23 August 2016.
It is now exactly 100 years since Rifleman James Lennox died in Edie’s care at No. 1 General Hospital in Etretat on the Normandy Coast. Over a six week period Edie mentions him almost every day as he hangs onto life and it is one of the most poignant and heartbreaking accounts in her diaries.
Her first reference is on 13 July 1916:
Yesterday was a very busy day. Convoy in first thing. I had only 63 of yesterday’s convoy; two too ill to go on for a time. I fear one boy may not get better. He has pneumonia, caused by a lump of lead in his left lung.
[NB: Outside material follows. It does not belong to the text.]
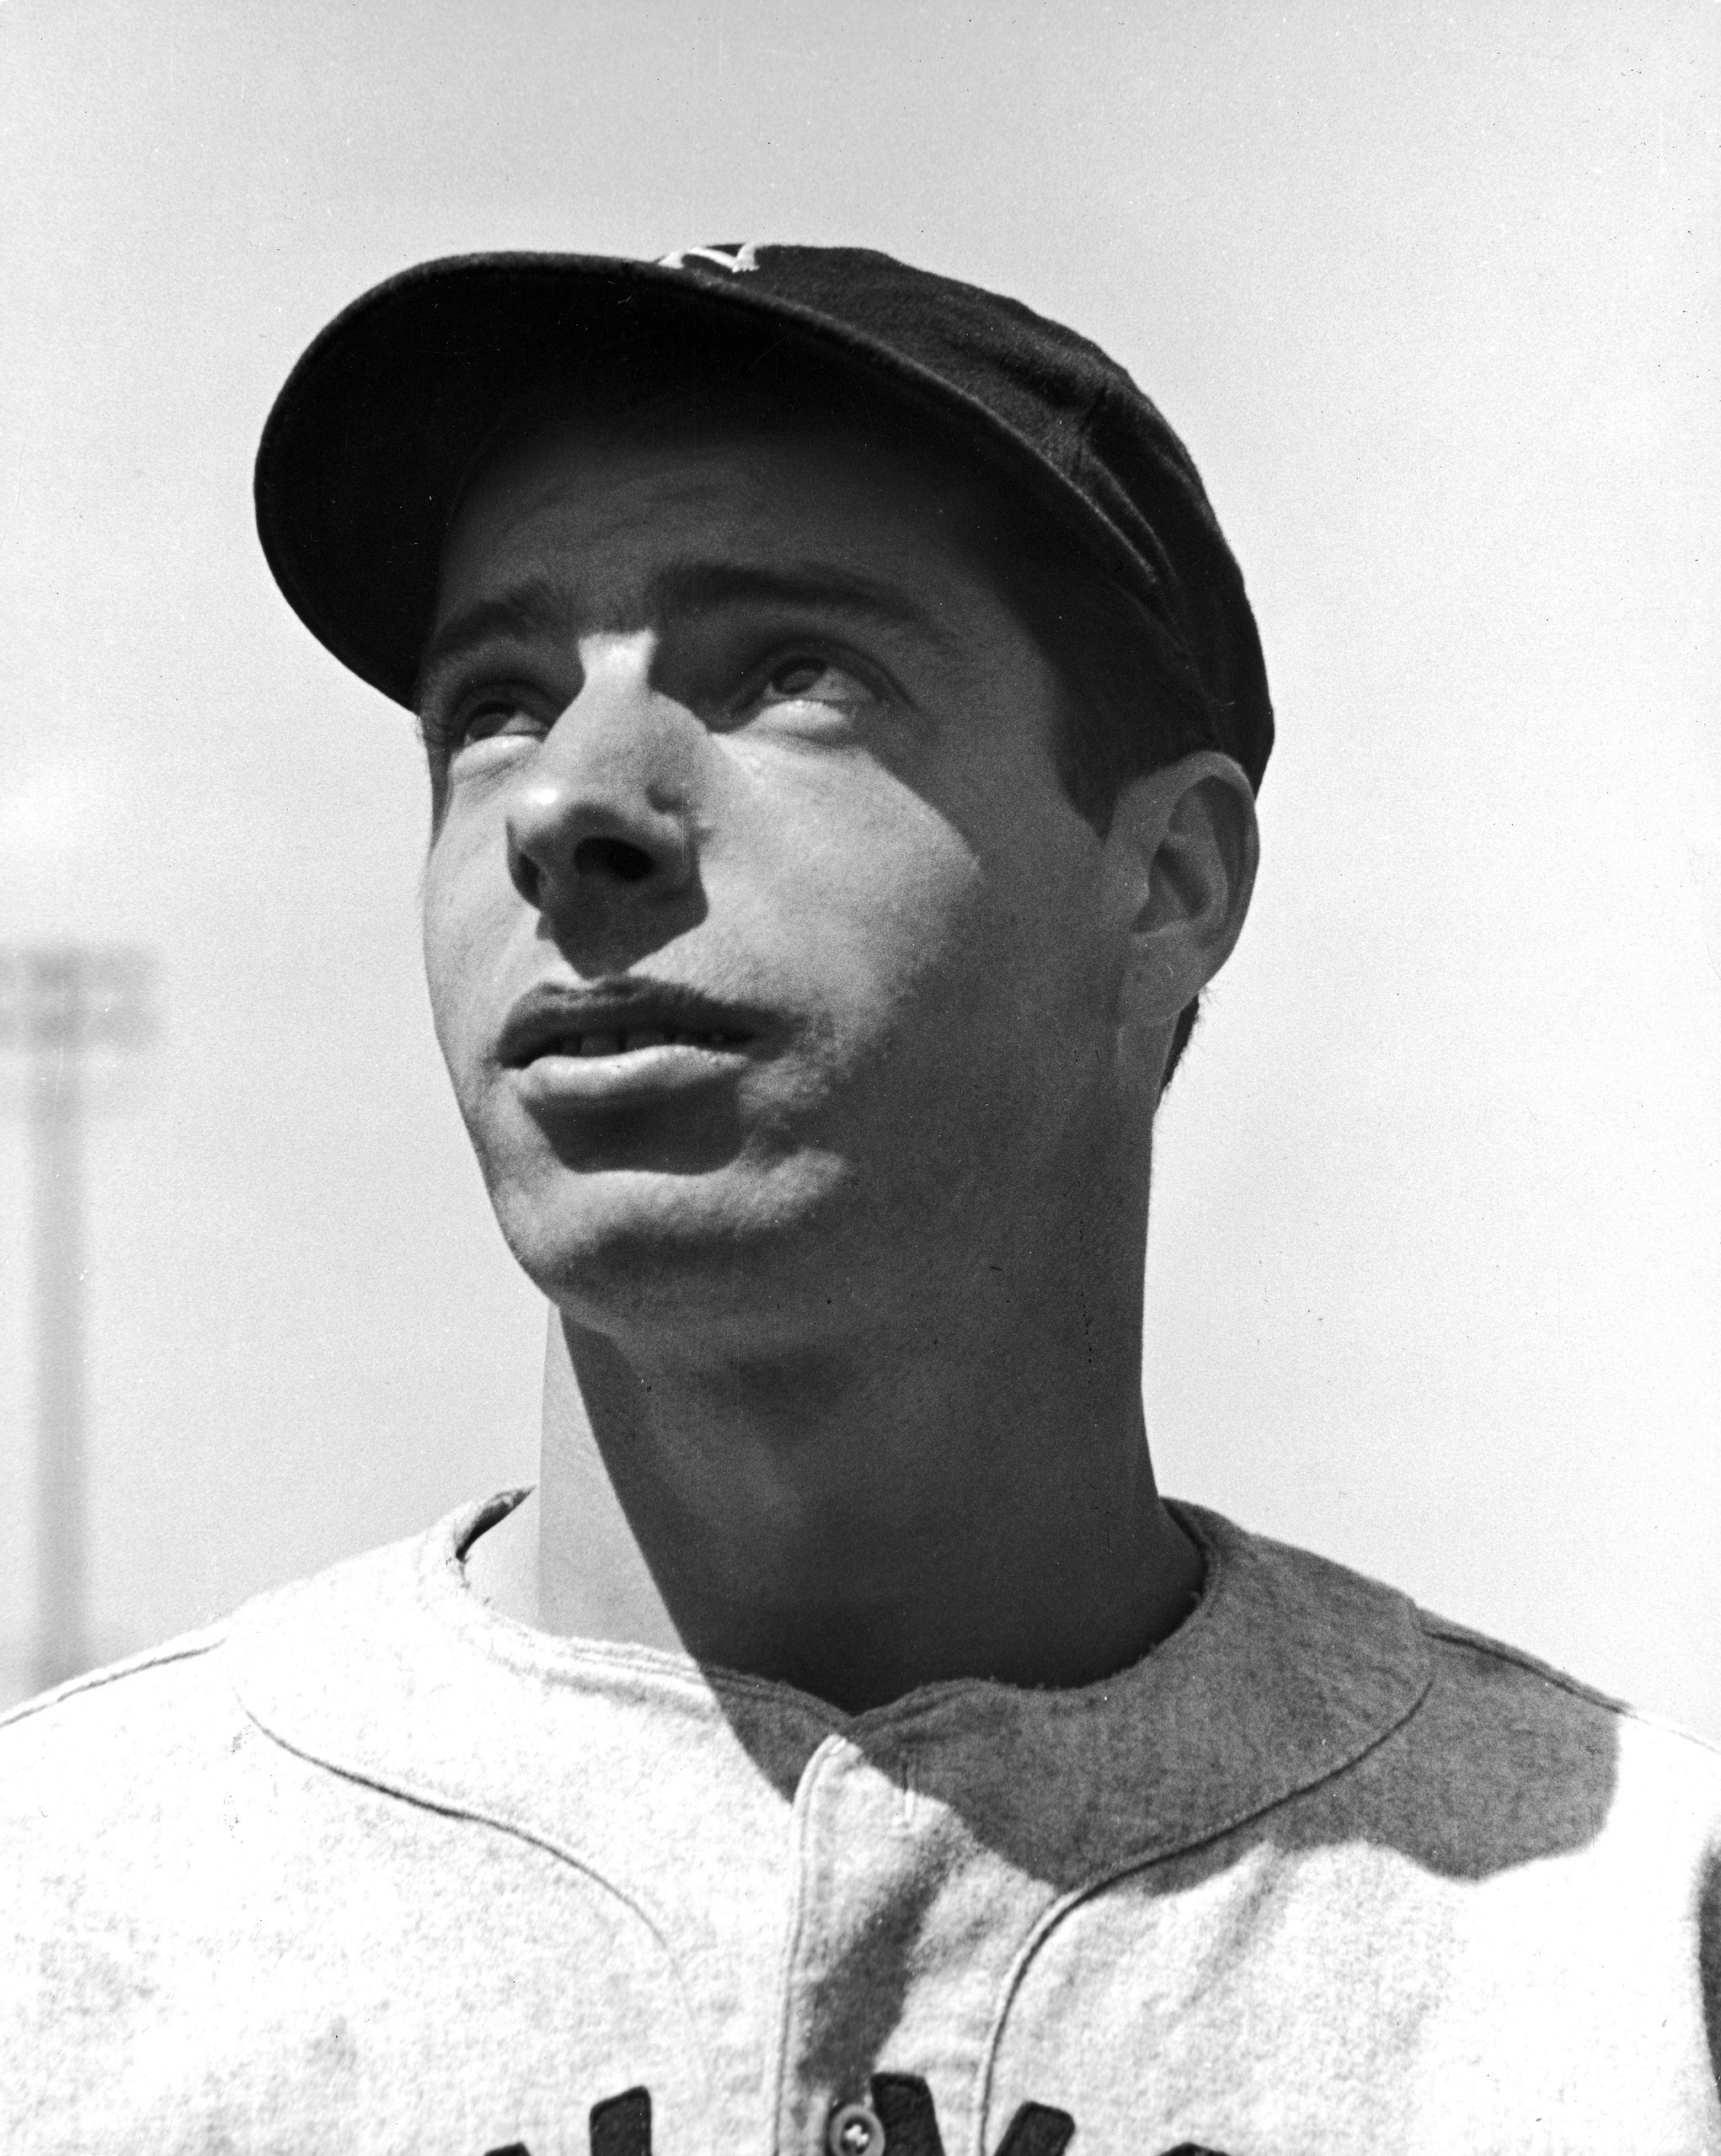 Joe DiMaggio, 1939.
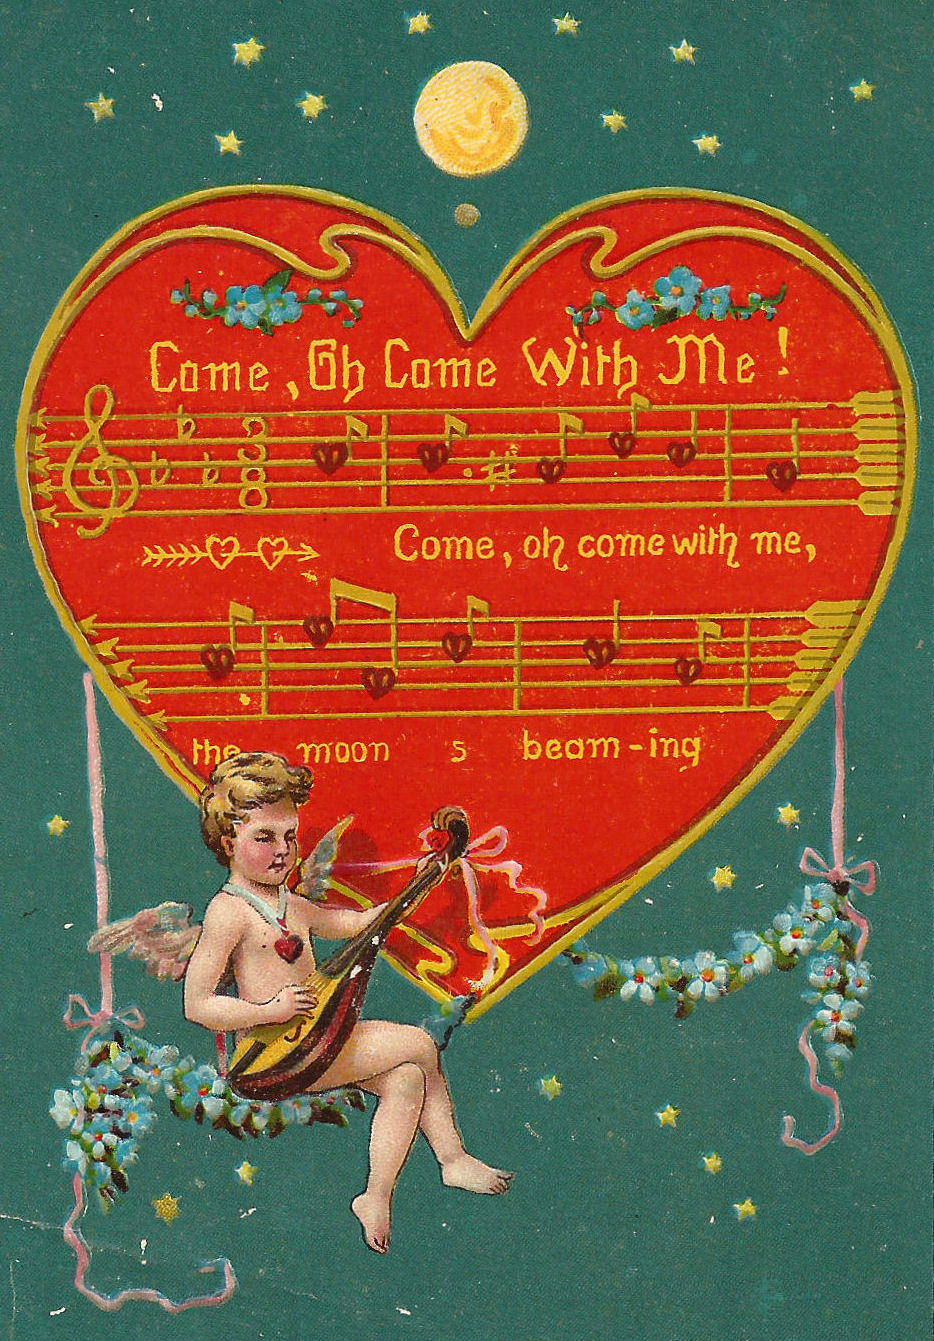 Antique Images: Free Valentine Graphic: Vintage Valentine's Day

I suppose they will not be able to operate and he is so blue and bad – poor dear.
…and her last on 23 August 1916:
Lennox died soon after 8 o’clock last night. Never have I seen such a slow painful death. It was as if the boy was chained to Earth for punishment. Towards the end it was agony for him to draw the little gasp breaths and I felt I must clap my hand over nose and mouth and quench the flickering flame. I am very glad for the boy to be away.
You can read the complete, unedited text here; scroll down to 13 July.
When I first published Edie’s diaries on her website – back in 2008 – a connection was made by Sue Light with Rifleman James Lennox, son of James and Sarah Lennox, of Edward St., Harryville, Ballymena, Northern Ireland. Read more here and here.
Once again my heartfelt thanks to Sue whose untimely death shocked us all so recently.